VICAR MELMOTH: Well, Mr Watts says rather a lot in those paragraphs. With the disclaimer that the concerns of Satanism are of course different to the Episcopalian tradition that Watts is addressing, here is the position of the Modern Orthodox brand of Satanism practiced by congregations like my own:

1/ We do hold that Satan has the role of prosecutor, although we consider the book of Job to be apocryphal. The most commonly held belief is that the falling out between Satan and his creator came when the Devil tried to hold the Judge accountable to his own standards. We hold that God is responsible for his own crimes just as the rest of creation: that is the cause of the Devil’s apostasy and that is why we hold that he made his departure from Heaven–of his own free will. *

2/ I cannot agree with Watts’ assertion that the Snake in Eden was accomplice to the creator in the Fall of Man. We see the act of Temptation as a facet of the Devil’s identity as Lucifer the Lightbringer: by convincing Eve to eat from the Tree of Knowledge, the Devil brought the light of Reason to humankind**. He is the Light in Enlightenment.

3/ As to the left and right hand: Satan (a title meaning ‘accuser’ in the original Hebrew, rather than a proper name), the prosecutor, stands on the right, and Lucifer Morningstar on the left. The Devil stands on both sides of the creator, bracketing him with accountability and reason. This is the nature of their dispute. This is the reason that we call the Devil two-faced.

* The lore is not entirely cogent on this matter.

** On foot.

*** There is some argument as to the nature of the actual fruit consumed.

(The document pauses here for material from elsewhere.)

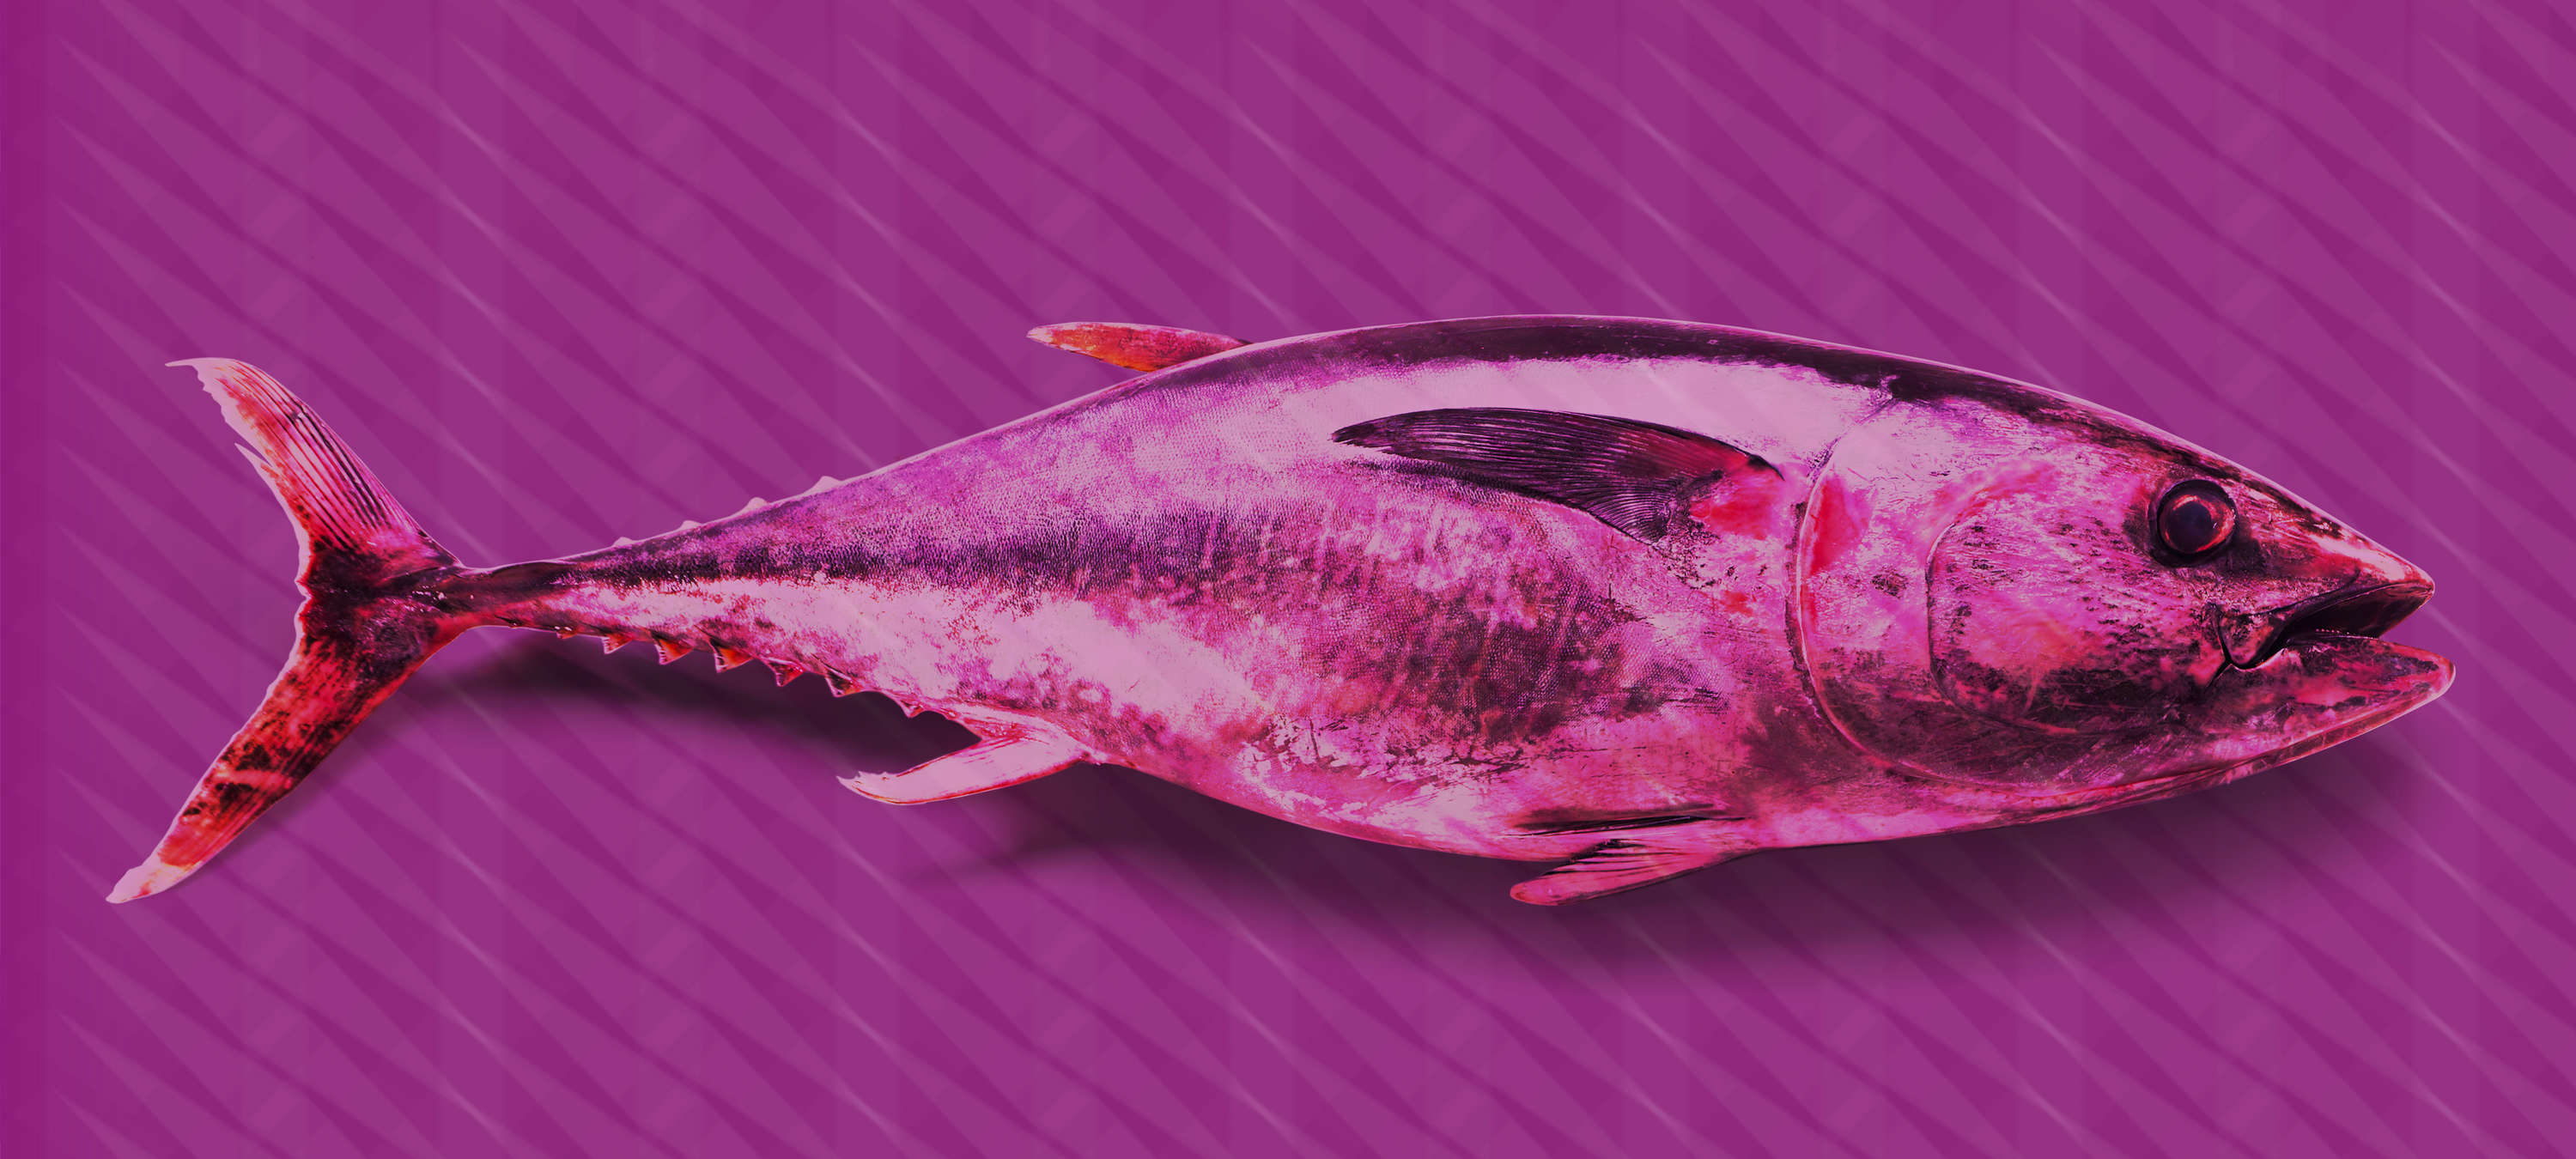             Thunfisch-Fototapete im Pop Art Stil – Violett, Rosa, Rot – Strukturiertes Vlies

 PAUL BEDFORD: This question is for Whiteface McDog, the best named pet in all modern literature: “Are you exercised daily, are you vet checks regular and what does your diet consist of?”
WMD: “Rarf!” (affirmative)
“Rarf rarf!” (affirmative)
“Rarf-rarf-rarfy-rarf rarf!” (kibble, seasoned with trace amounts of gun oil. Occasionally wet food. Shmackos for a treat.)

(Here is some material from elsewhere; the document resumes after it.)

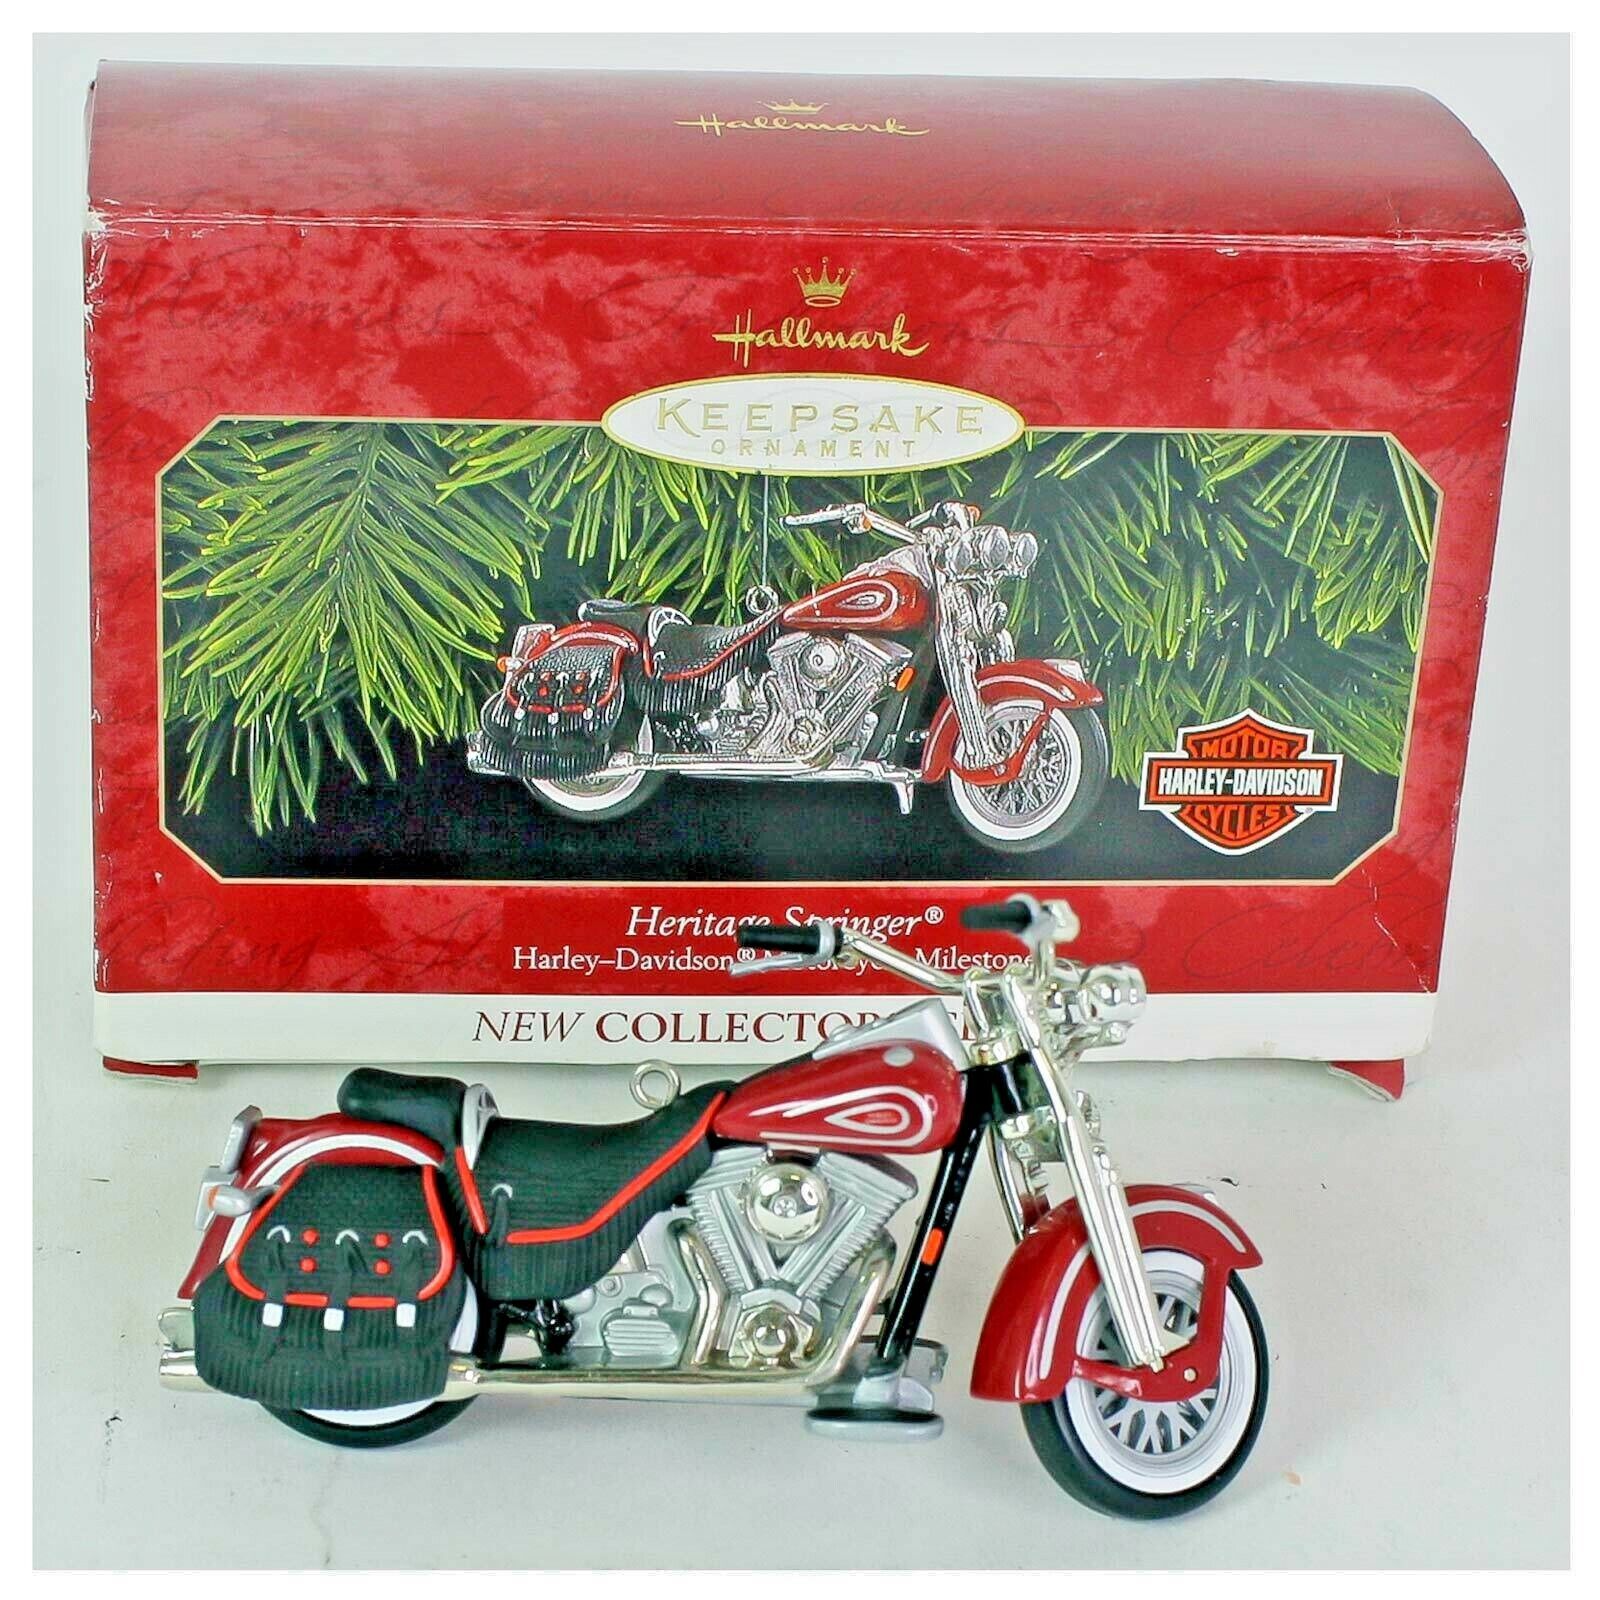 Hallmark 1999 Heritage Springer Harley Davidson Motorcycle Christmas Ornament

DAVID WALDEN: Satan, who do you think gave the best portrayal of you? Please cover Film, Literature & Music

SATAN: David, I am very partial to the way that Mikhail Bulgakov portrays my alter ego, Professor Woland, in the Master and Margarita. I also enjoyed Robert De Niro’s turn in Angel Heart, and Peter Stormare’s weirdo rendition in the otherwise terrible Constantine movie.
The Rolling Stones’ ‘Sympathy for the Devil’ is probably the most true-to-life version, bongo intro notwithstanding.

KAREN JACOBSON MARCON: Clarice, what did become of that Barbie Doll of yours?

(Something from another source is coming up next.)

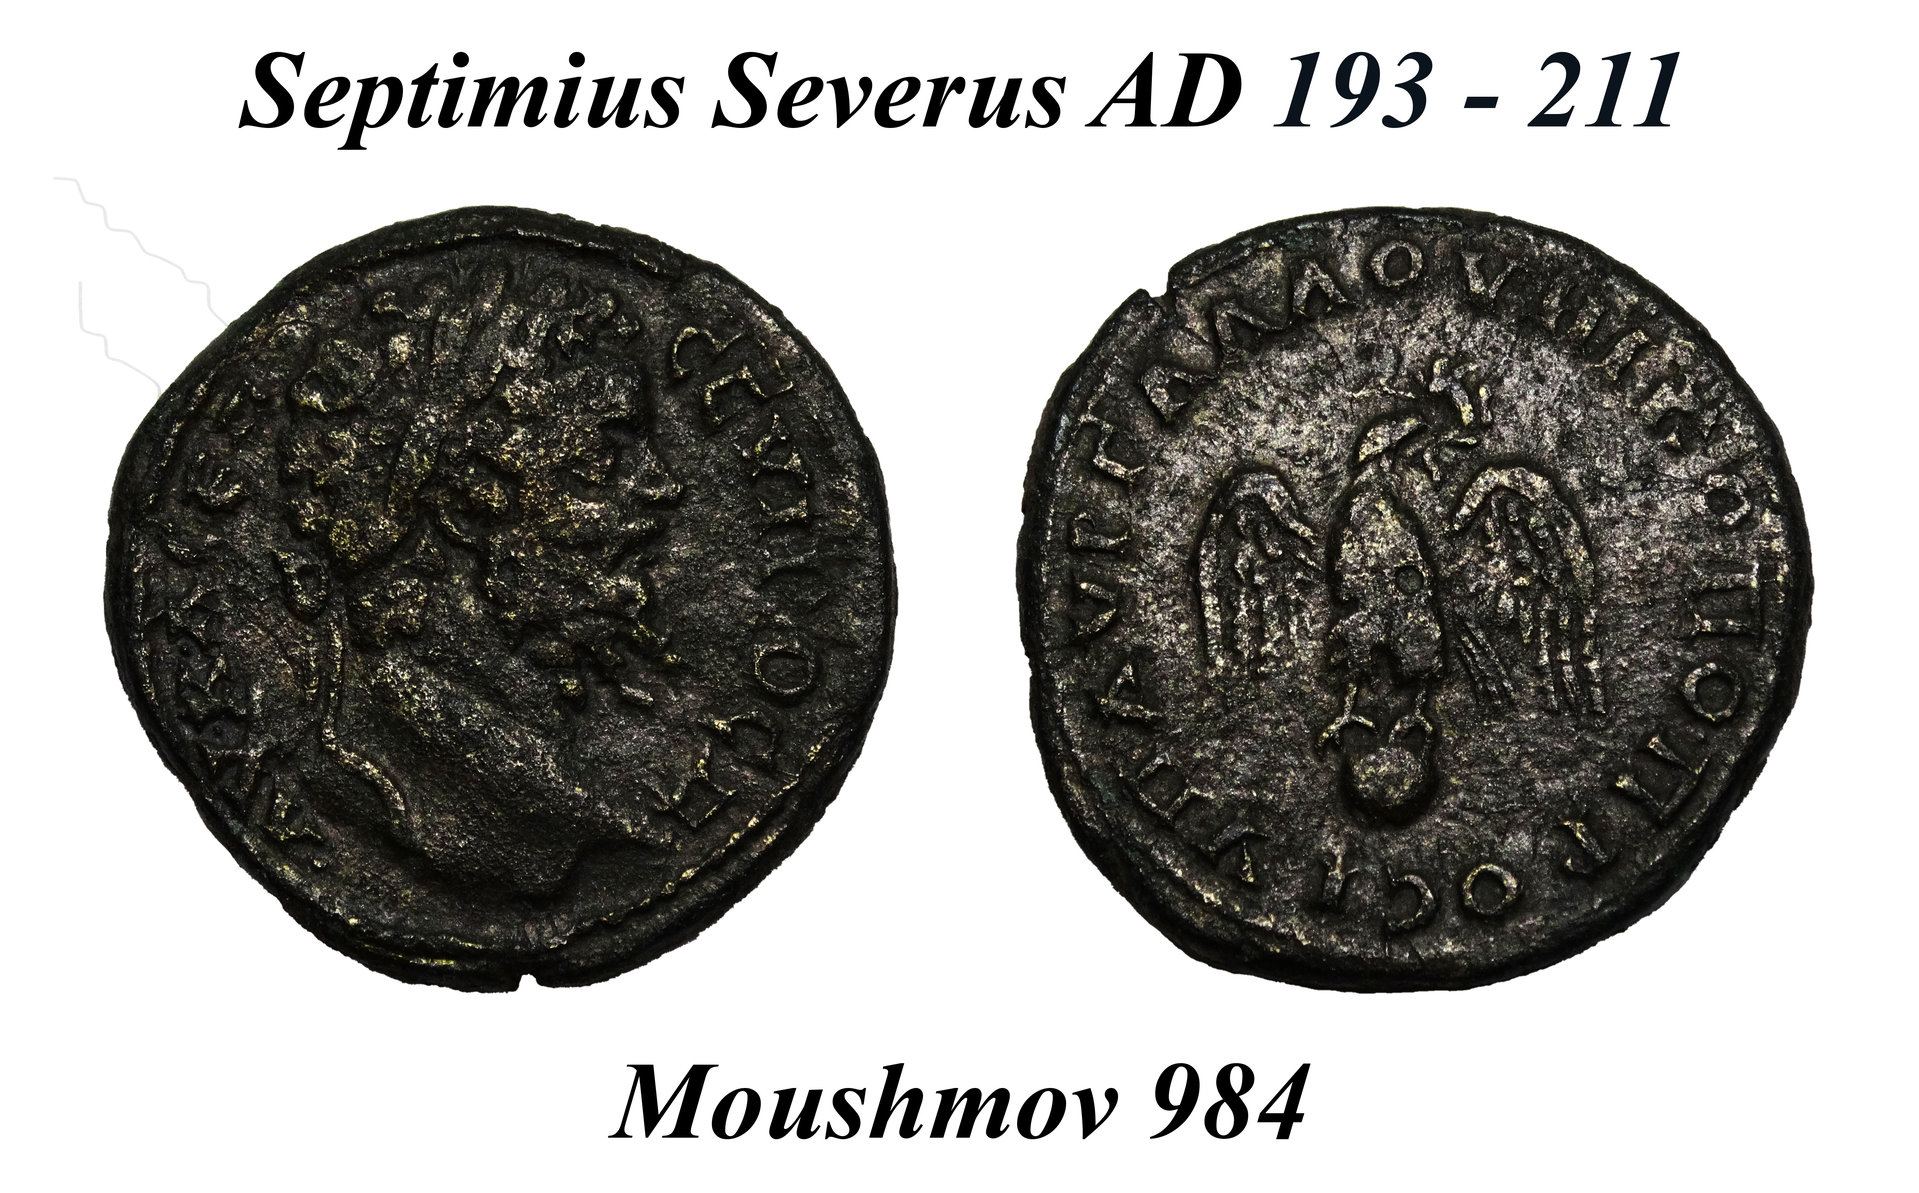 Septimius Severus - Moushmov 984.jpg

CLARICE MARNIER: I melted her down and used her for plectrums.

 GEORGE WILSON III: Does Satan REALLY love me?

SATAN: Yes, George, I do. Why would I lie about a thing like that?

GEORGE WILSON III: McBlack, where do I get a GunDog?

WHITEFACE McBLACK: Gundog is a one-of-a-kind individual. Since Lila’s death her three sisters have been looking after him.

ANTHONY EARL: Satan, why do good things happen to bad people?

SATAN: Because they make them happen, Anthony. Ruthlessness is a virtue.